The study of wound microbiomes has also been conducted with conventional cultures and molecular methods.^114,115 The determination of the microbial profile of chronic wounds using molecular methods (DNA sequencing) is currently available to clinicians to guide treatment.¹¹⁶ Given the expertise and equipment required for this, the use of an outside laboratory is likely to remain a necessity. Studies have shown that molecular pathogen diagnostics that allow for a comprehensive evaluation of the chronic wound microbial bioburden can lead to a targeted therapeutic approach and improve healing rates.^117,118 Biofilm-based wound care has also been shown to lower costs.¹¹⁹

Biomechanical modeling using finite element analysis

Finite element models allow the development of mathematical solutions to the complex and nonhomogeneous tissue deformation (strains) and stress distributions caused by external loading. The method consists in breaking down large and complex problems into smaller parts termed finite elements. The elements are represented by equations used to solve for unknown values in the model. Tape removal models using finite element analysis have been developed to better understand how medical tape removal affects skin using FEBio, an open-source framework, or Abaqus.¹²⁰ The results showed that a silicone adhesive surgical tape had a higher peel force than acrylate adhesive tapes and yet the silicone tape applied a lower skin strain.¹²¹ As such, the use of adhesive products that impart lower stresses and strains upon removal may be an important option for reducing skin injury.

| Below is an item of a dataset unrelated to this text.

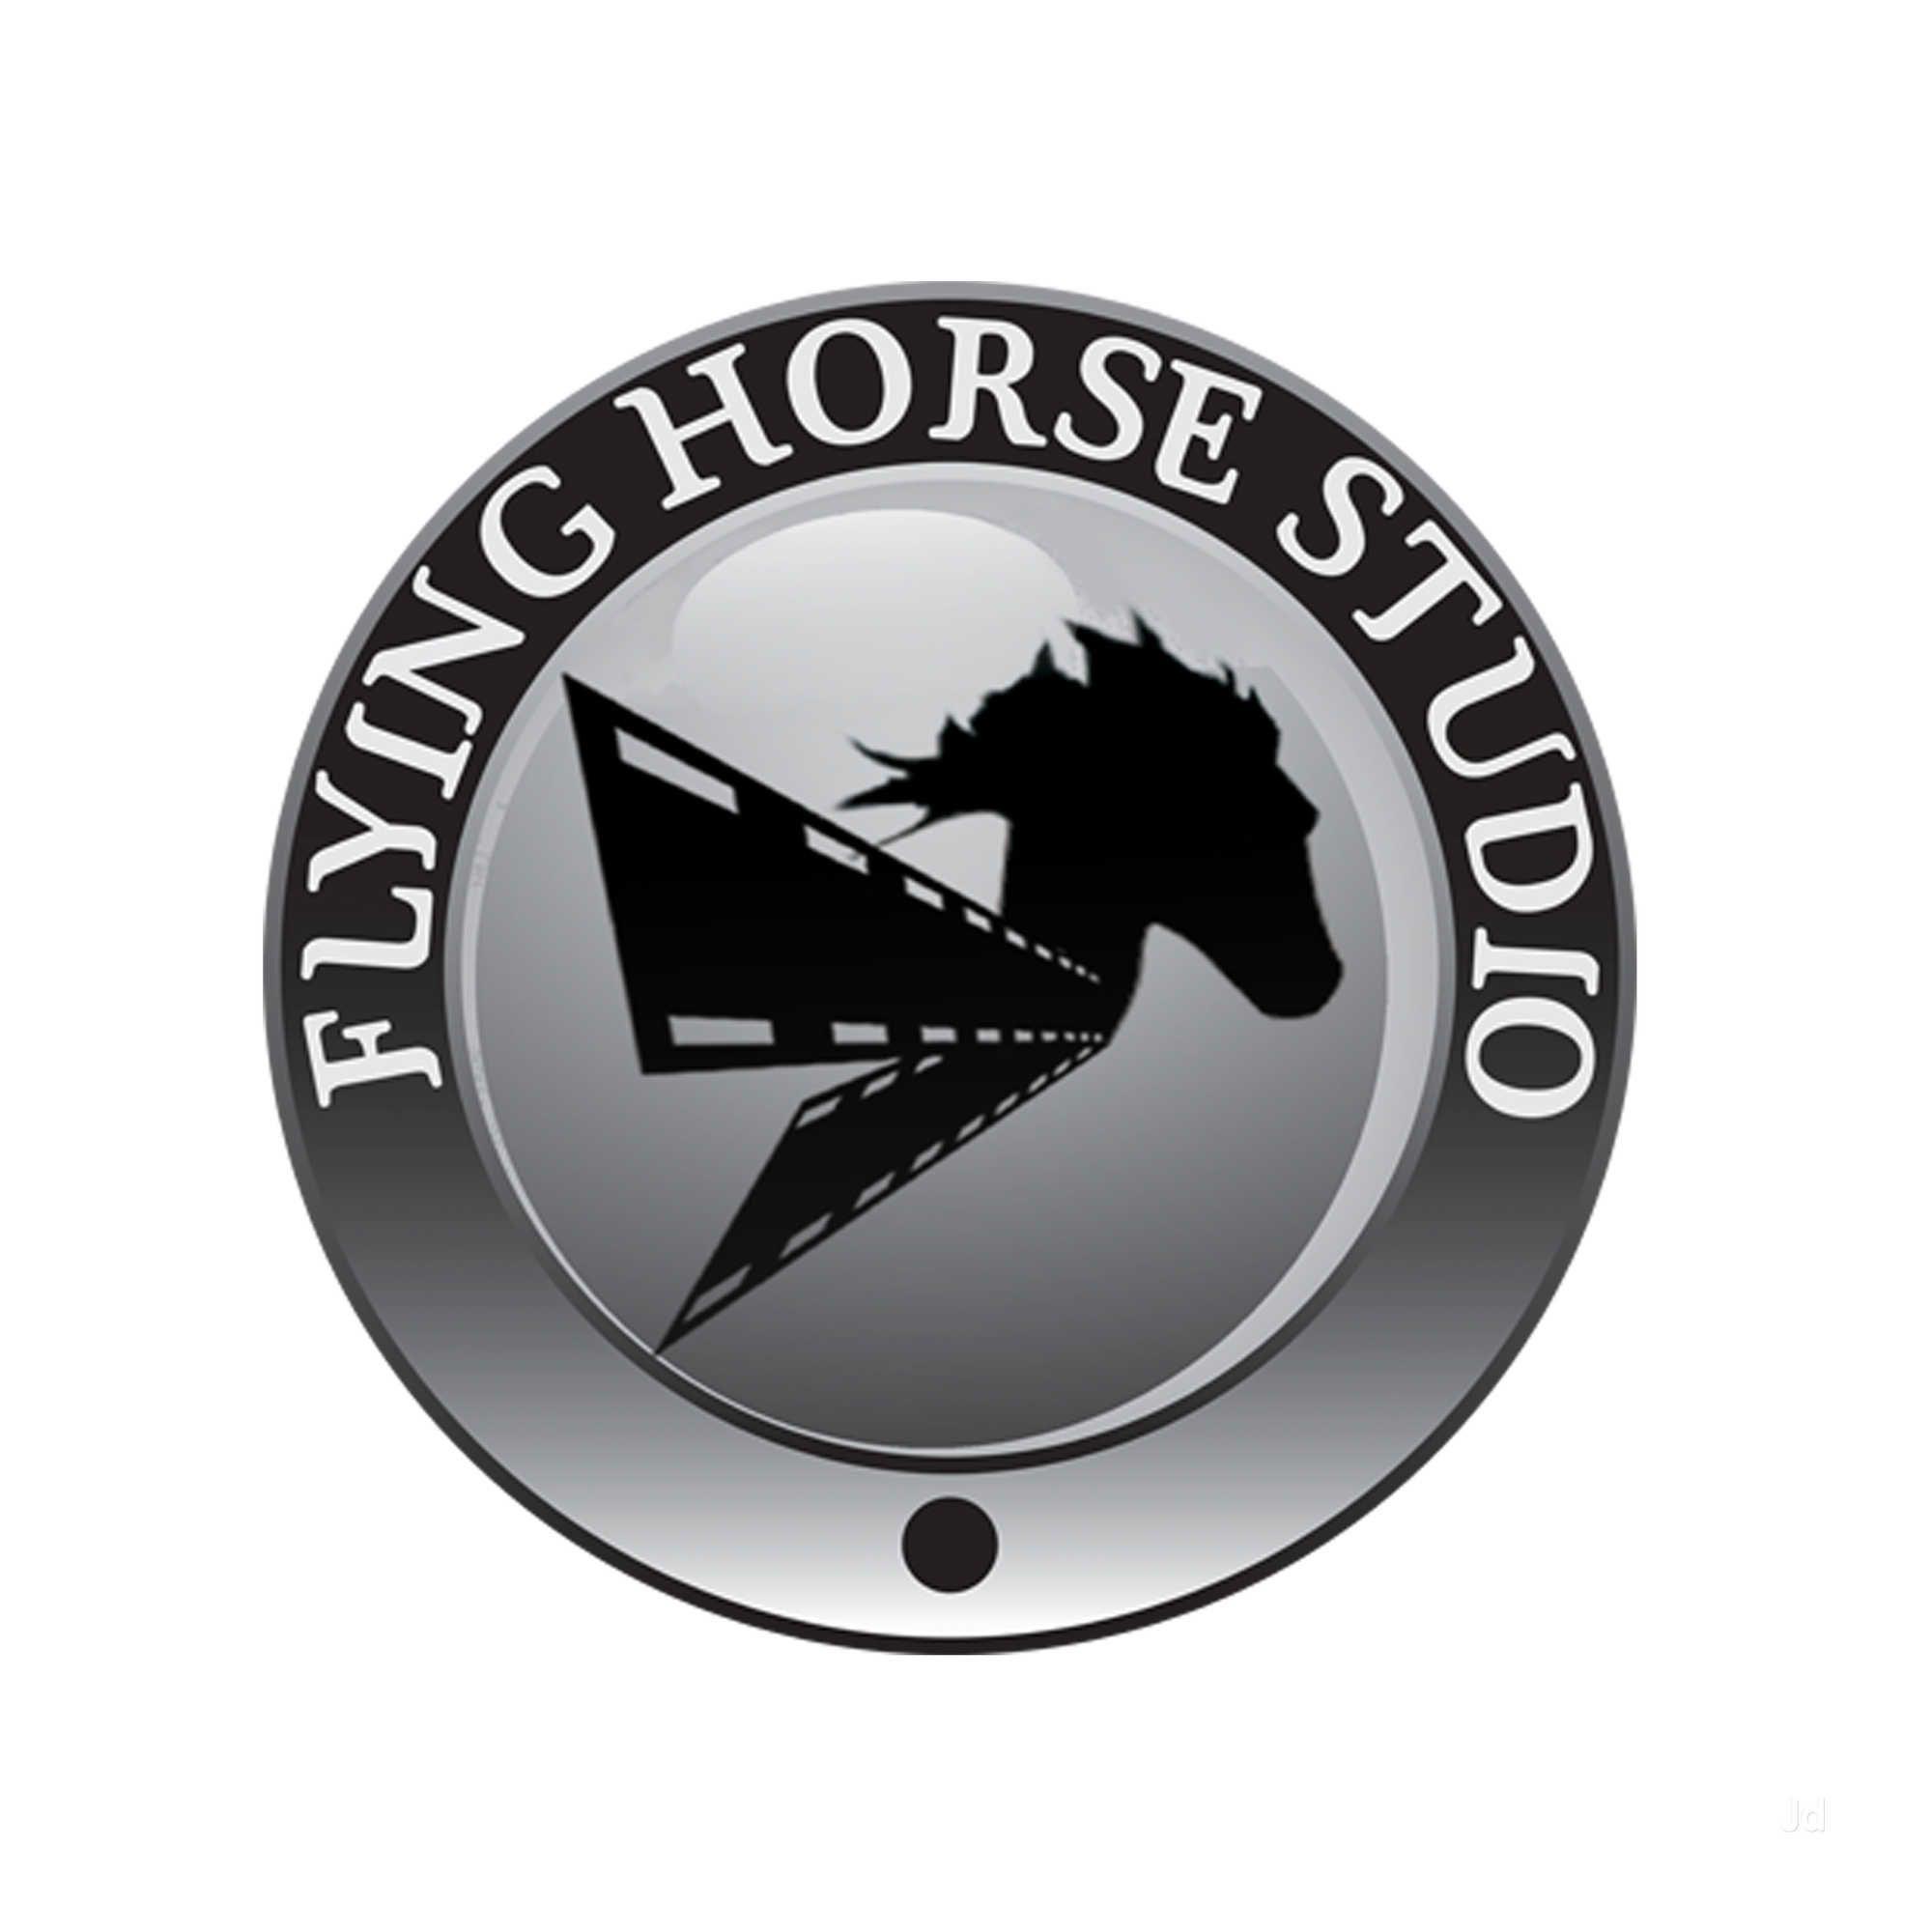 Flying Horse in Circle Logo - Flying Horse Studio Photo, Goregaon West, Mumbai- Picture & Image

Modeling methods are useful for product development and are not anticipated to provide direct help in clinical settings.

Allergy testing

Adverse skin reactions can occasionally be owing to an allergy. Substances like fragrances,¹²² lanolin¹²² (used in some moisturizers), latex,¹²³ wound dressings,¹²⁴ acrylates^125,126 (used in several medical adhesives), chlorhexidine gluconate¹²⁷ (used for skin prep), and pharmacologic agents¹²⁸ are known allergens that can trigger a skin reaction in some patients. Repeated exposure (occupational, or through the long-term use of some products) can cause sensitization leading to the development of an allergy. The way to differentiate between irritant contact dermatitis (nonimmunologic skin damage) and allergic contact dermatitis (a cell-mediated immunologic skin response) is by doing patch testing, a method consisting in exposing the skin of the patient to a small amount of suspected allergen(s) under an occlusive patch and observing the skin reaction at different time points.¹²⁹

A complicating factor is that medical device manufacturers are currently not required to disclose a complete list of ingredients for each device, which makes the screening of allowable devices for patients with known allergies very difficult and impedes patient care. Advocacy work is currently underway to change this.¹³⁰

This type of testing should be considered in patients with a history of skin reaction to various products to avoid using materials that are allergenic to them.

The literature reviewed emphasizes that a single parameter is not entirely sufficient to describe the skin barrier and therefore a variety of methods should be used.⁴⁶ This is also supported by a recent publication aimed to identify a set of robust parameters sensitive to mechanical and chemical challenges to skin integrity: Jayabal et al¹³⁷ attempted to use quantitative skin assessment methods to aid the early detection of skin damage for potential clinical application. They found that thresholds derived from single biophysical parameters were limited in detecting skin changes following insults. An evaluation using combined parameters may provide a more sensitive assessment.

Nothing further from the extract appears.